Selon le manuel du propriétaire, quand le moteur est éteint et que les volets sont à 10°, la vitesse de décrochage de l’aéronef est de 53 mi/hNote de bas de page 2. Lorsque les volets sont rentrés (position UP), la vitesse de décrochage passe à 54 mi/h avec une inclinaison de 0°, à 62 mi/h avec une inclinaison de 40°, et à 77 mi/h avec une inclinaison de 60° (figure 2).
L’aéronef était équipé d’un avertisseur de décrochage. Selon le manuel du propriétaire, [traduction]
L’avertisseur de décrochage est un klaxon électrique commandé par un émetteur situé dans le bord d’attaque de l’aile gauche. [...] En vol rectiligne et en virage, le klaxon retentit entre 5 et 10 mi/h au-dessus de [la vitesse de] décrochageNote de bas de page 3.
Dans l’événement à l’étude, le klaxon de l’avertisseur de décrochage a retenti lorsque l’aéronef approchait de la piste 07 de CNS4, après le virage de 180° à basse altitude; toutefois, il n’a pas retenti avant le décrochage et la collision avec le relief qui s’en est suivie. L’enquête n’a pas permis de déterminer pourquoi le klaxon n’avait pas retenti avant l’accident.
Considérations liées au carburant
Selon le manuel du propriétaire de l’aéronef, le pilote doit vérifier visuellement la quantité de carburant dans les réservoirs et confirmer cette quantité en vérifiant les indicateurs de quantité de carburant. Plus précisément, selon l’étape 1(b) de l’inspection extérieure, le pilote doit [traduction] : « allumer l’interrupteur principal et vérifier les indicateurs de quantité de carburantNote de bas de page 4 ». Selon l’étape 4(c), le pilote doit par ailleurs [traduction] : « retirer le bouchon du réservoir de carburant et vérifier si le niveau de carburant correspond à l’indicateur, et remettre le bouchon en placeNote de bas de page 5 ».
Une pratique courante consiste à mesurer la quantité réelle de carburant en insérant une jauge correctement calibrée dans chaque réservoir. La jauge de l’aéronef était brisée depuis un certain temps et n’était plus disponible. L’enquête a permis de déterminer que les pilotes de cet aéronef utilisaient rarement, voire jamais, de jauge pour mesurer la quantité de carburant dans les réservoirs. Ils effectuaient plutôt une inspection visuelle des niveaux de carburant dans les réservoirs ou se fiaient aux indicateurs de quantité de carburant.

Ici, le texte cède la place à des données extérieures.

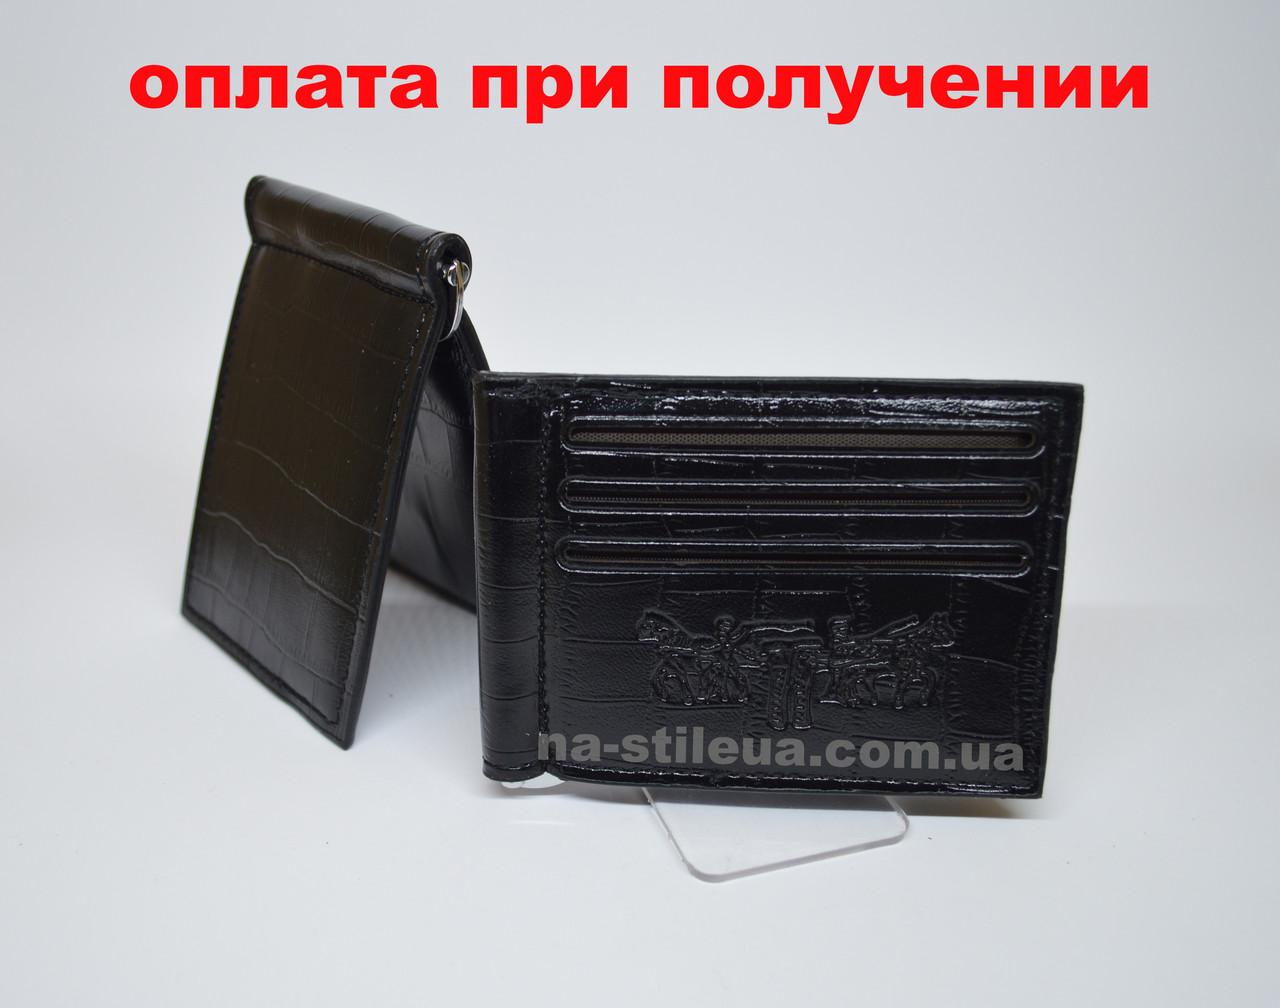 bf0257a8f639 Купить сейчас - Мужской кожаный кошелек портмоне визитница зажим для денег  ...

La quantité totale de carburant utilisable pour l’aéronef à l’étude était de 22,5 gallons américains (11,25 gallons américains par réservoir), et la quantité de carburant inutilisable était de 3,5 gallons américains (1,75 gallon américain par réservoir).
L’indicateur de quantité de carburant comporte les marques suivantes : E pour vide, ½ pour demi-plein et F pour plein. Il comporte aussi des graduations aux niveaux ¼ et ¾. La quantité de carburant restante à la fin du dernier vol la veille de l’événement à l’étude a été estimée à demi-plein pour un réservoir et légèrement en dessous de demi-plein pour l’autre, ce qui équivaudrait à environ 5,6 gallons américains et un peu moins de 5,6 gallons américains respectivement, si ces estimations étaient exactes.
Comme le précise l’examen de sécurité en 2 parties du Cessna 150 publié dans Flying in Ireland, les indicateurs de carburant de ce modèle d’aéronef sont connus pour leur imprécision et leur manque de fiabilitéNote de bas de page 6,Note de bas de page 7. En outre, le BST a déjà enquêté sur des événements liés à des indicateurs de carburant imprécis dans des aéronefs dotés d’indicateurs similairesNote de bas de page 8.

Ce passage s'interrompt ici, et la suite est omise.